Bernice Bobs Her Hair


by F. Scott Fitzgerald

Bernice Bobs Her Hair Part 2 Summary

  • After the dance, Marjorie and Bernice go home together. They don't have much to say to each other, and even though they're cousins, they're certainly not friends.
  • Marjorie, in fact, doesn't have any real female friends – she thinks other girls are stupid.
  • Sadly, Bernice had been hoping that they would be best friends. She is sorely disappointed in her cousin as a result.
  • As Bernice brushes her teeth and gets ready for bed, she wonders about the problem of her lack of popularity away from home. In her hometown, Eau Claire, she's a big success – however, it's never occurred to her that this might be due to the fact that her family is incredibly wealthy and important. Hmm…
  • Bernice doesn't understand why she's not popular at the dances here (the poor girl doesn't even realize that the only reason she has dance partners is that Marjorie arranges them!).
  • She does see that other girls who are less socially significant and pretty than she is sometimes have more luck with the guys, even back in Eau Claire; this, she attributes to their innate cheapness. Huh – might it actually be her snobby attitude that's at the root of this problem?
  • On her way to bed, Bernice decides to stop and say hello to her Aunt Josephine, Marjorie's mom.

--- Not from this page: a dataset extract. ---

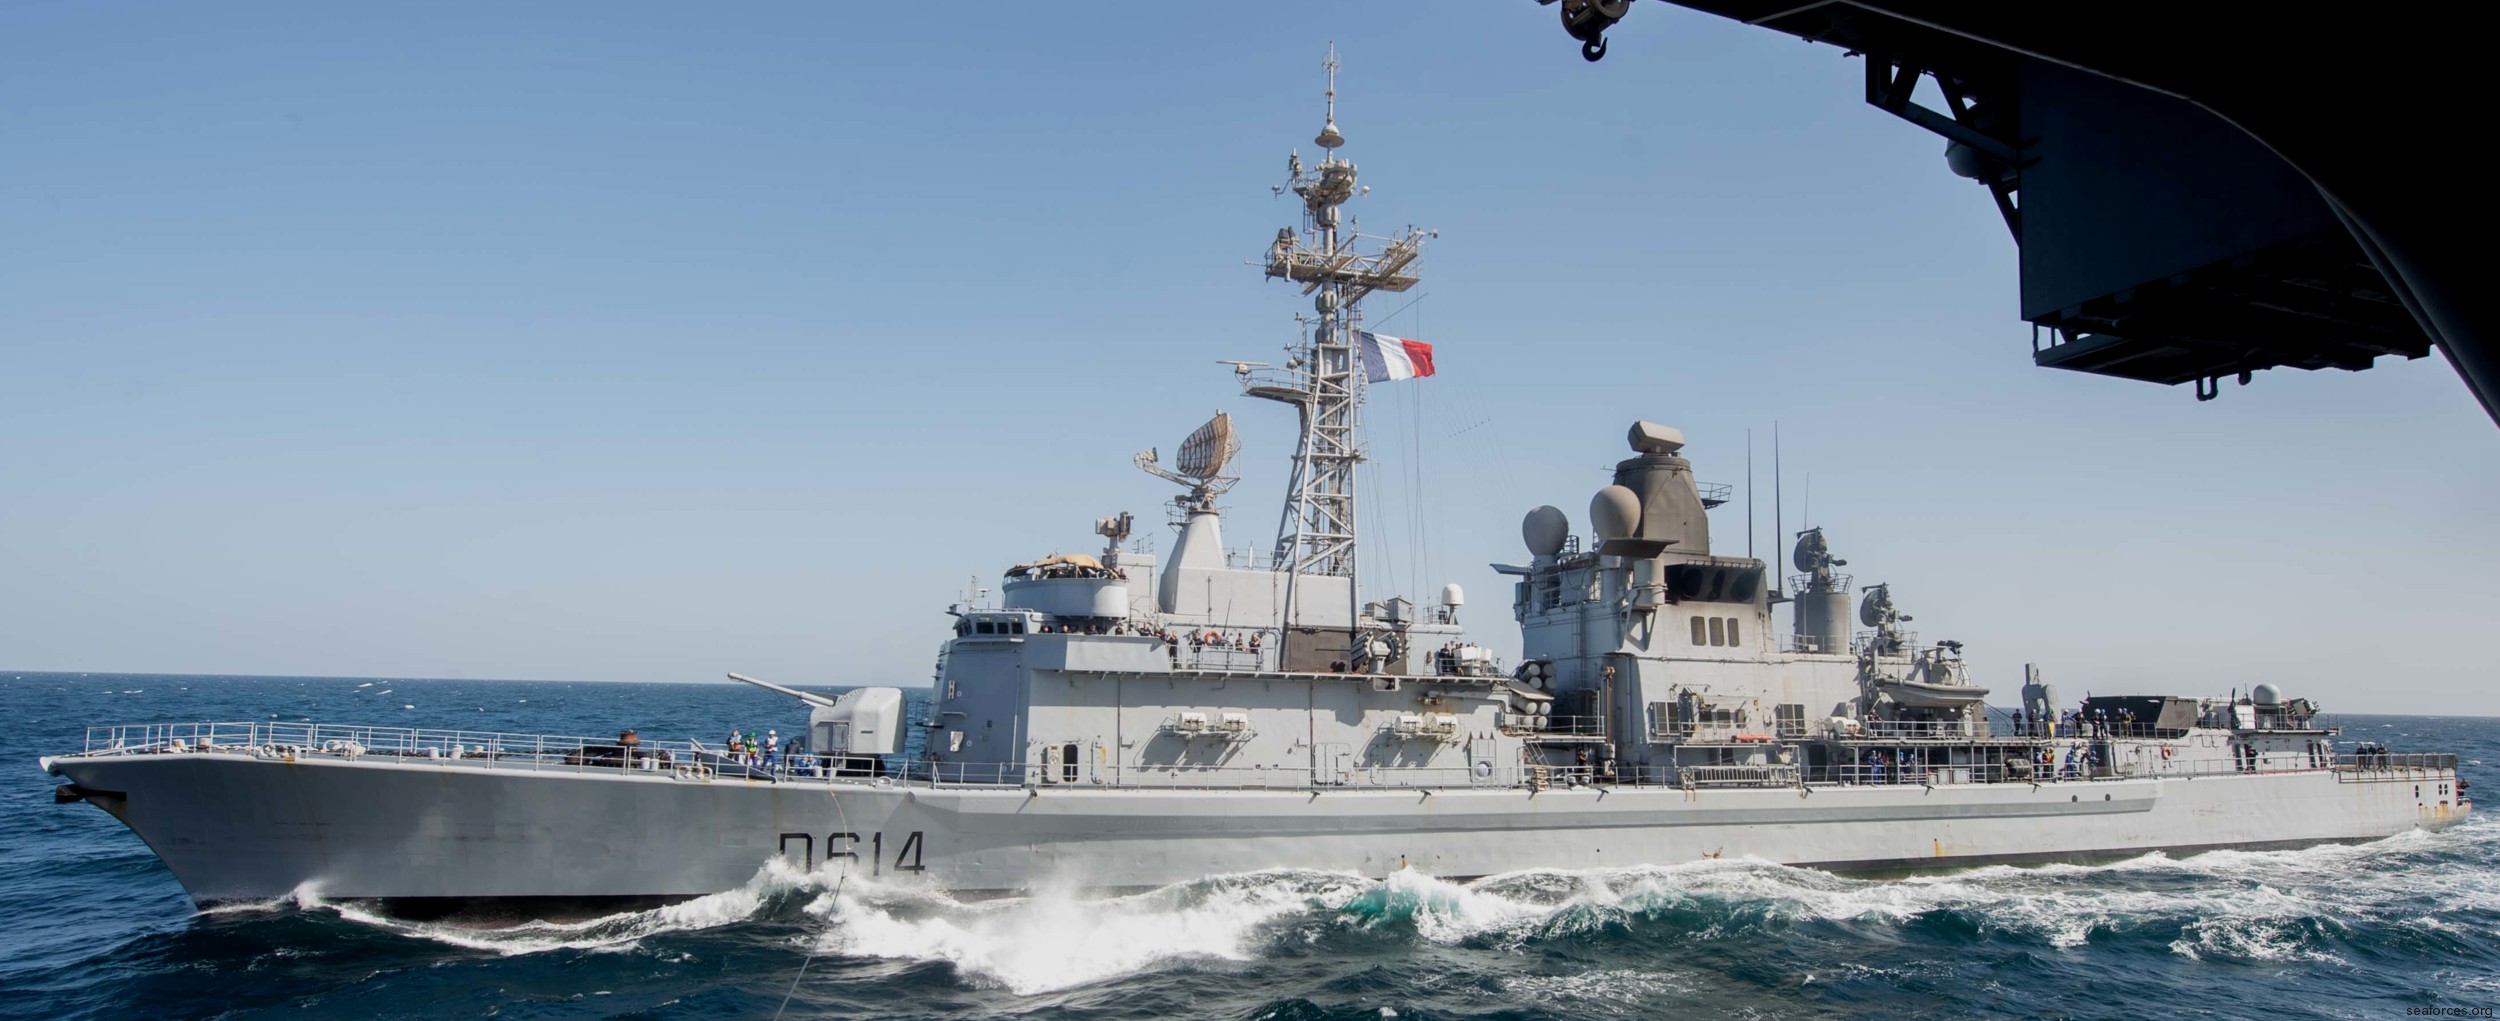 d-614 fs cassard f70aa class guided missile frigate ffgh ddg french navy marine nationale 23

Outside the door, though, she discovers that her cousin is already in there.
  • The topic of conversation is Bernice herself. Marjorie is in the midst of a long rant about how she simply can't make her cousin popular – she's too boring.
  • Mrs. Harvey, being of a different generation, doesn't understand what Marjorie is so upset about. To her, any girl who's well-bred and pretty should automatically be popular. Her daughter attempts to explain why it's so important in these modern times to attain popularity.
  • Marjorie half-jokingly says that Bernice's dullness must be a result of her Native American blood, claiming that Indian women weren't very exciting. Her mother laughs this off – we get the idea that Bernice's "crazy Indian blood" (34) is something of a family secret.
  • On this note, Marjorie and her mother say goodnight. When Marjorie emerges, Bernice is nowhere to be seen.